_Task to complete:_
In the records below, find each line with "diameter" and copy it.

++++ The data ++++

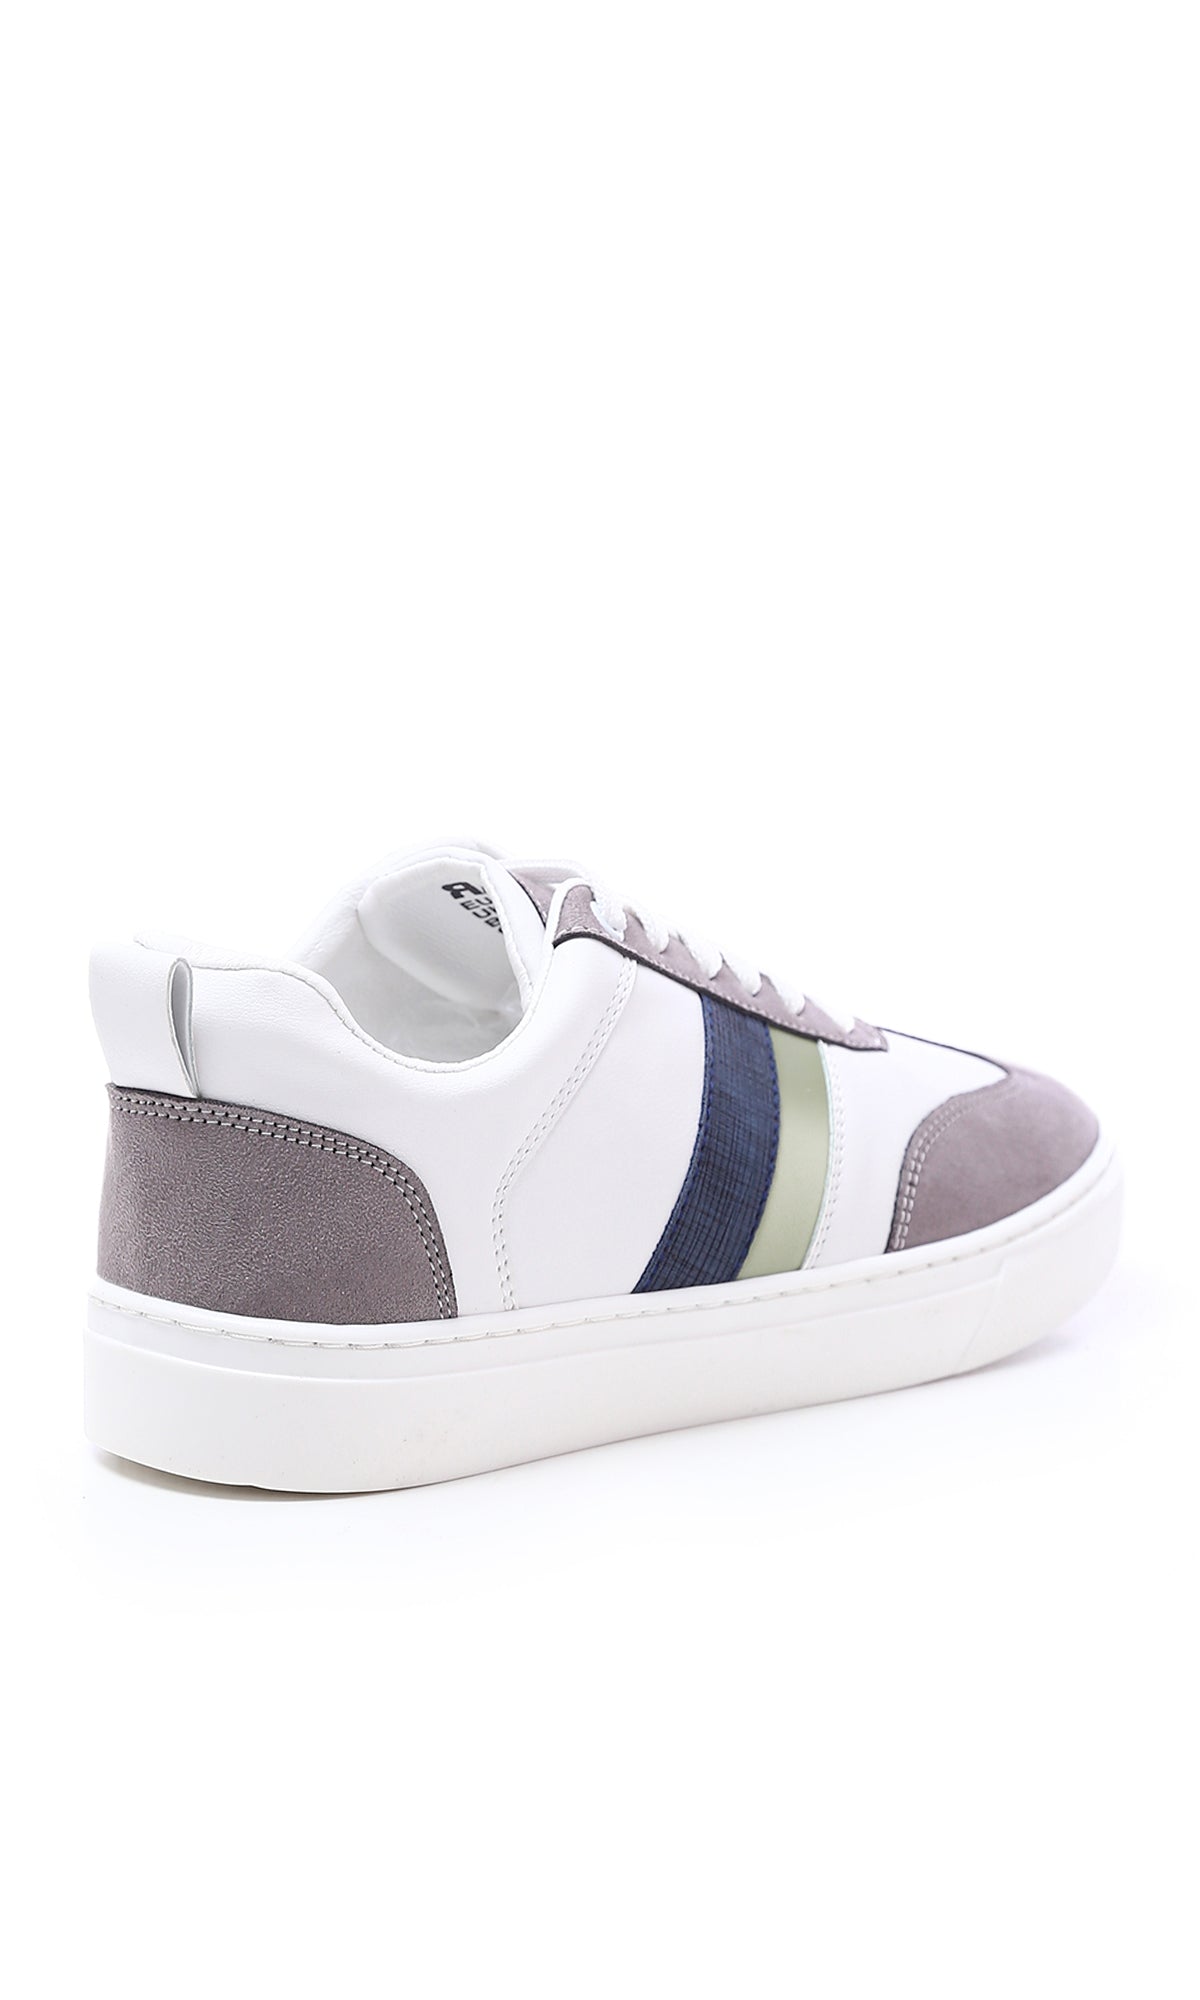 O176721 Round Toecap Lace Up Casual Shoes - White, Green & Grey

++++
++++ The data ++++

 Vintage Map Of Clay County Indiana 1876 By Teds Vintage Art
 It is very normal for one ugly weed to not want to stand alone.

++++
++++ The data ++++

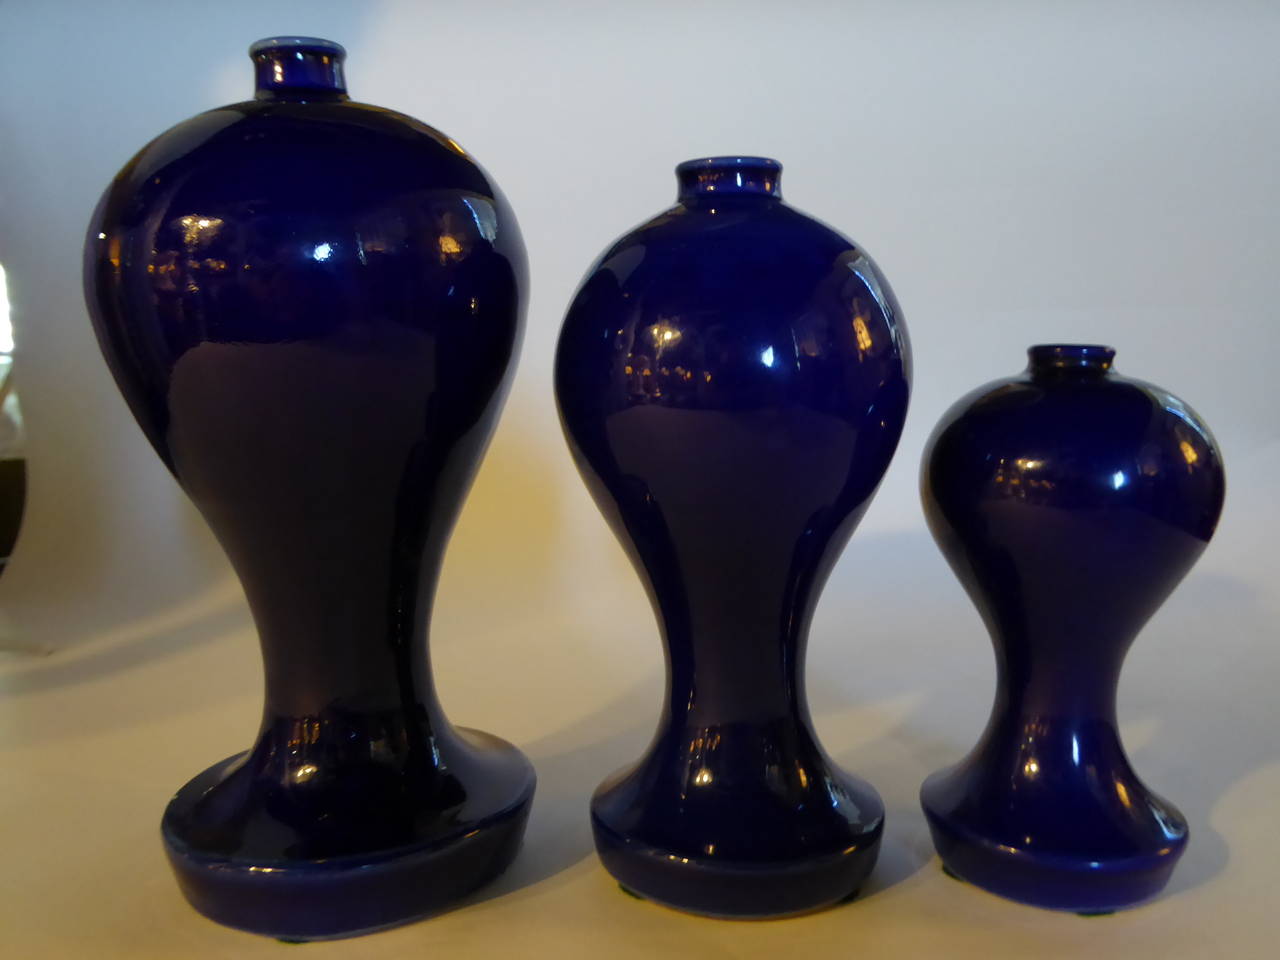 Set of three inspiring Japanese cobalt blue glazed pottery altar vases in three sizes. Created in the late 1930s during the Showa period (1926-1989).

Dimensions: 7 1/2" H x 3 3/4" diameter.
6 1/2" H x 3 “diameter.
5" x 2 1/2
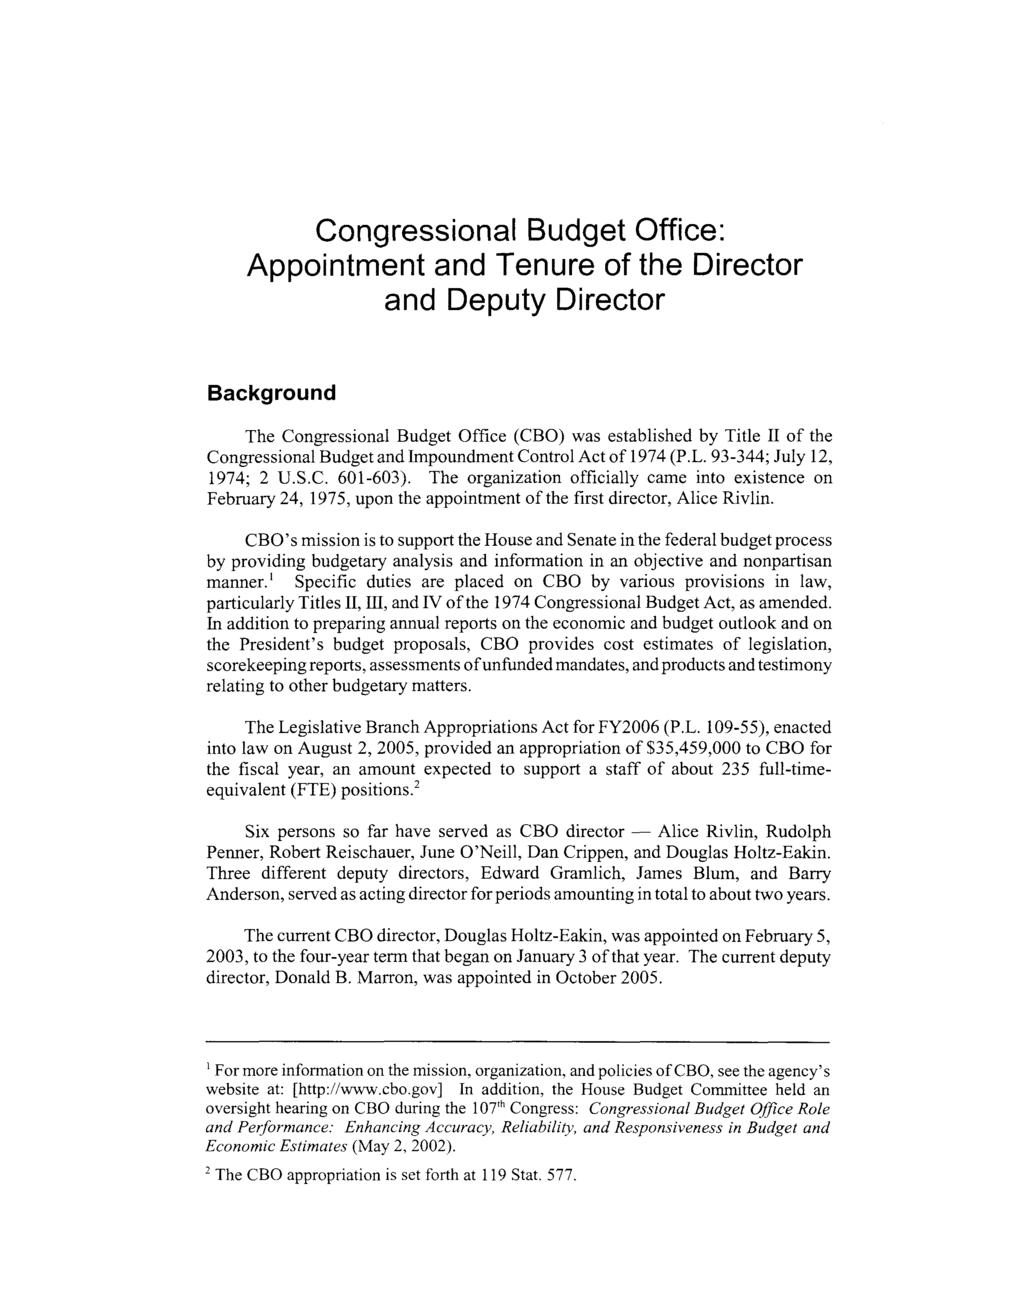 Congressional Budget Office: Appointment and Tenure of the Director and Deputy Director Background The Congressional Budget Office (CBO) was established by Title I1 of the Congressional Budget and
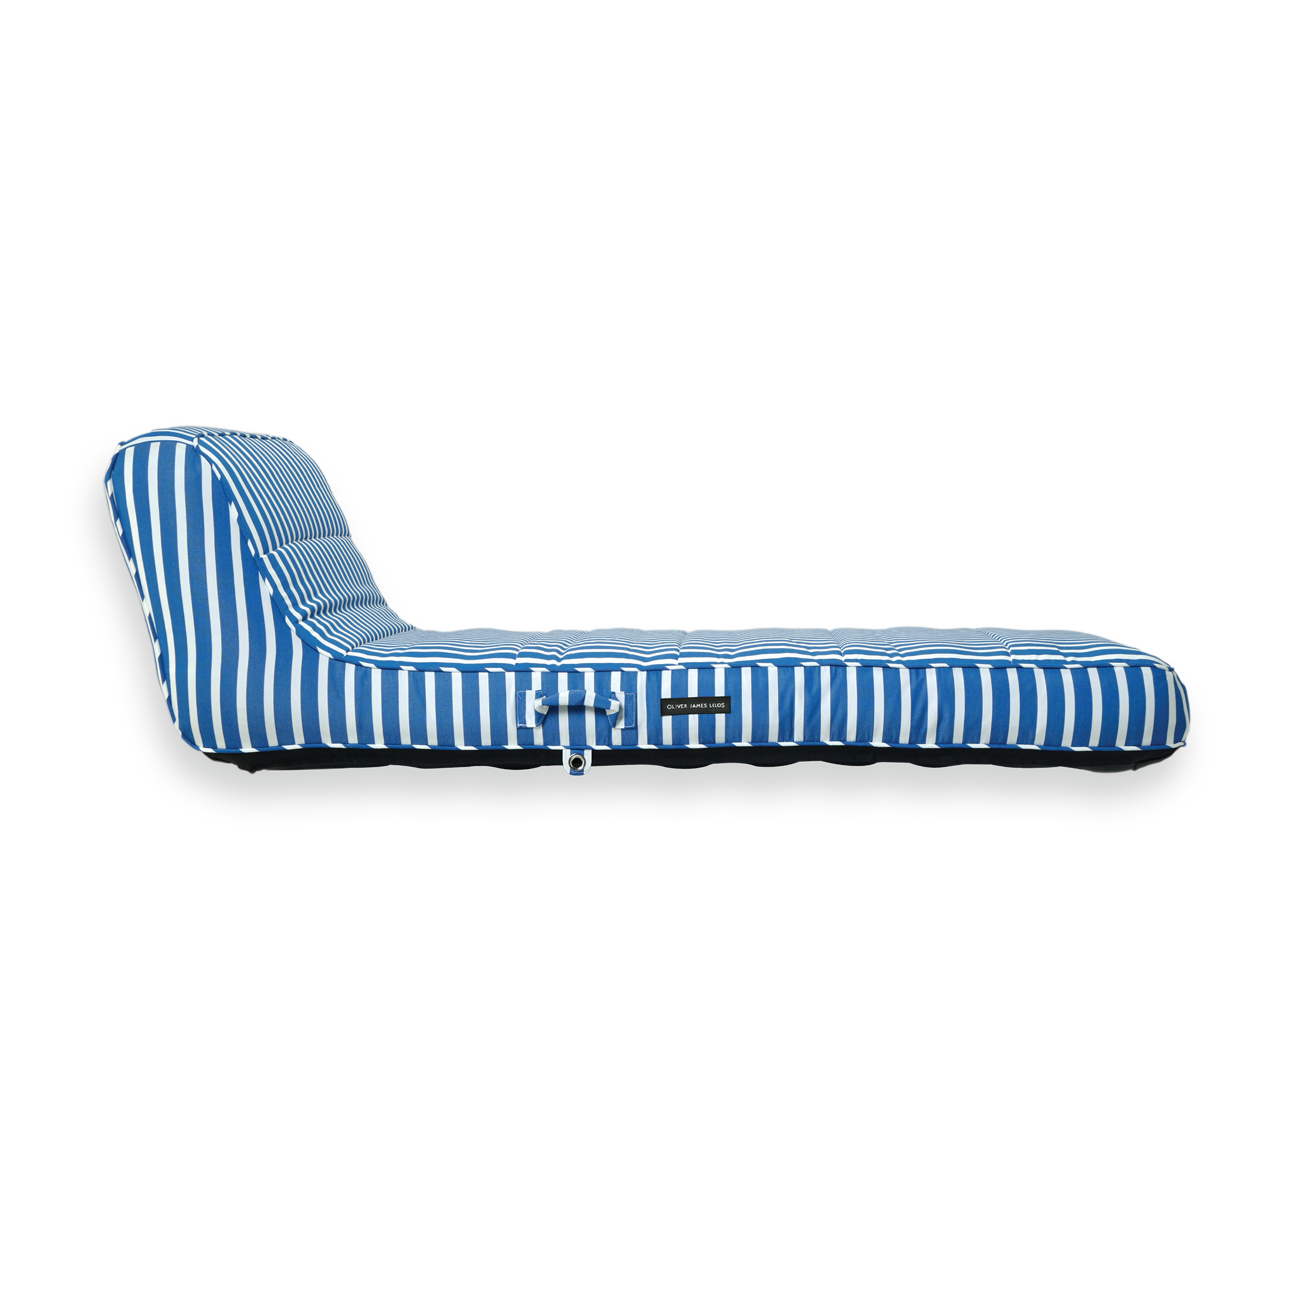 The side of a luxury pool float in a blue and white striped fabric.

++++

_Exercise output:_
Dimensions: 7 1/2" H x 3 3/4" diameter.
6 1/2" H x 3 “diameter.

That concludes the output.